Я снова углубилась в строчки письма Джен, перечитывая их по второму кругу, и прервалась, только когда услышала, как Йон открыл дверь нашей комнаты. Увидев меня сидящей около лестницы, он немного удивился и даже как будто на пару секунд забыл, куда собирался пойти.

— Это от Джен, — ответила на его немой вопрос я, а потом послушно отдала ему письмо, когда он протянул за ним руку. Альфа читал медленнее меня, но мне нравилось наблюдать за его сосредоточенным лицом в процессе. В такие моменты он всегда хмурился и иногда едва заметно двигал головой, как будто разминая затекающую шею. Я не вмешивалась и молчала до самого конца, пока он наконец не поднял на меня озадаченное лицо.

— Что ты об этом думаешь? — спросила я.

— Что это скверно пахнет, вот что, — отозвался он. — Эти двое явно разворошили змеиное гнездо.

— А то, о чем она пишет… Вы никогда не говорили об этом с отцом? О Чистых днях и том, что тогда происходило? — осторожно уточнила я.

— Нет, — пожал плечами он. — Меня это не особо интересовало. Да и отца.

— И, видимо, еще почти весь мир, — заключила я, покачав головой. — Меня в том числе. Вроде как… какая разница, что было столько веков назад? А если так подумать, то в тех событиях могут крыться ответы на все вопросы. В том числе касательно нашей метки и причин ее появления.

— Хана, кстати насчет метки. Я давно хотел поговорить с тобой об этом. — Йон взял меня за левую руку, разворачивая к себе и закатывая мой рукав, чтобы обнажить спрятанную в розовых соцветиях татуировки красную ленточку.

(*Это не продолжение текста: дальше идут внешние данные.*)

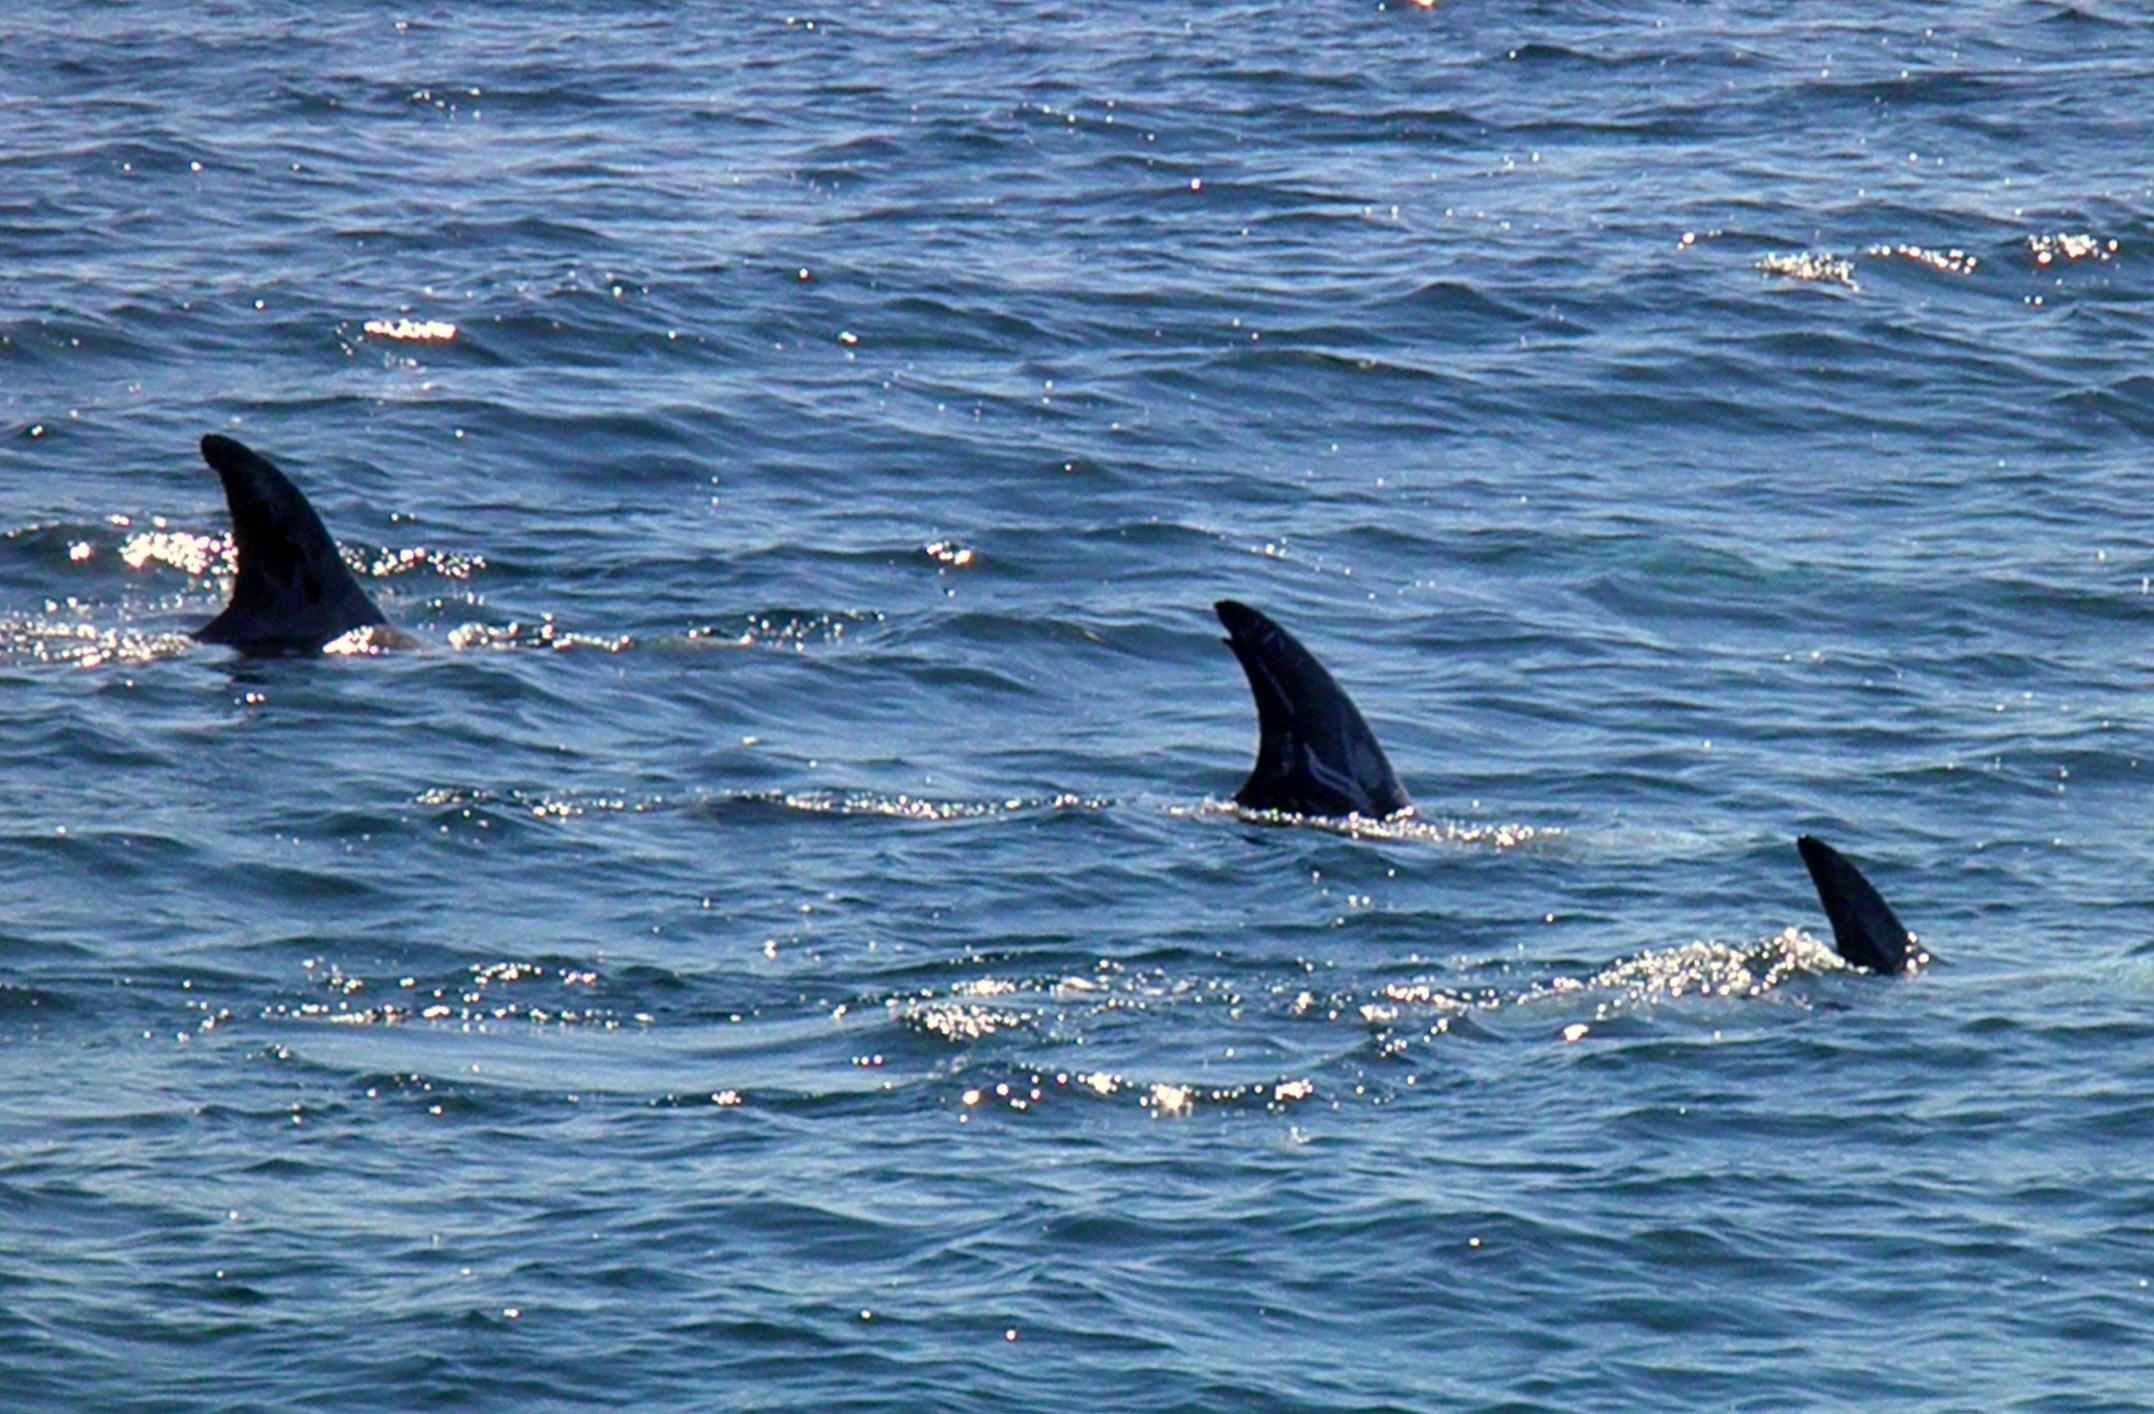 Dolphin fin

Я прикусила губу, отведя глаза. Отчего-то мне стало очень стыдно — как если бы это только я была виновата в том, что наша метка потеряла свои магические свойства, а мой альфа сейчас был вынужден глушить боль от ранения таблетками. Умом я понимала, что в разное время мы хотели этого оба, а оказались в том полуразрушенном скорее по настоянию Йона, но это не помогало мне справиться с чувством, что если бы я с самого начала не отвергала дар Великого Зверя, отрицая и проклиная его, то все бы сложилось совсем иначе. И многие из тех бед, что обрушились на нас впоследствии, просто бы не произошли.

Могло ли так быть, что нас действительно наказывали за то, что мы отказались от дара предназначенной любви, изначально не оценив его по достоинству? И если так, то так ли не прав был отец Евгений, считающий, что Чистые дни — что бы в итоге ни скрывалось под данным наименованием — могли закончиться по аналогичной причине, только в более… крупных и серьезных масштабах? Мне не нравилась идея, что я начинаю думать как наш враг, но, допуская такую вероятность, мы, по крайней мере, получали вполне правдоподобную версию того, почему неприятности так и сыпались на нас с Йоном, как из рога изобилия. Сколько раз наша метка болезненно ныла, реагируя на наши ссоры и отдаление? Сколько раз эта боль была единственным отрезвляющим фактором, что возвращал меня к реальности? Быть может, все остальное было своего рода событийной проекцией этой боли? Более изощренным способом заставить нас страдать за наше неповиновение? Последняя мысль пеплом горчила на языке, но я уже вообще ничего не знала и не понимала и готова была допустить самые безумные и жестокие варианты, которые, однако, хоть как-то структурировали и объясняли все то безумие, что творилось в наших жизнях с того момента, как мы впервые встретились.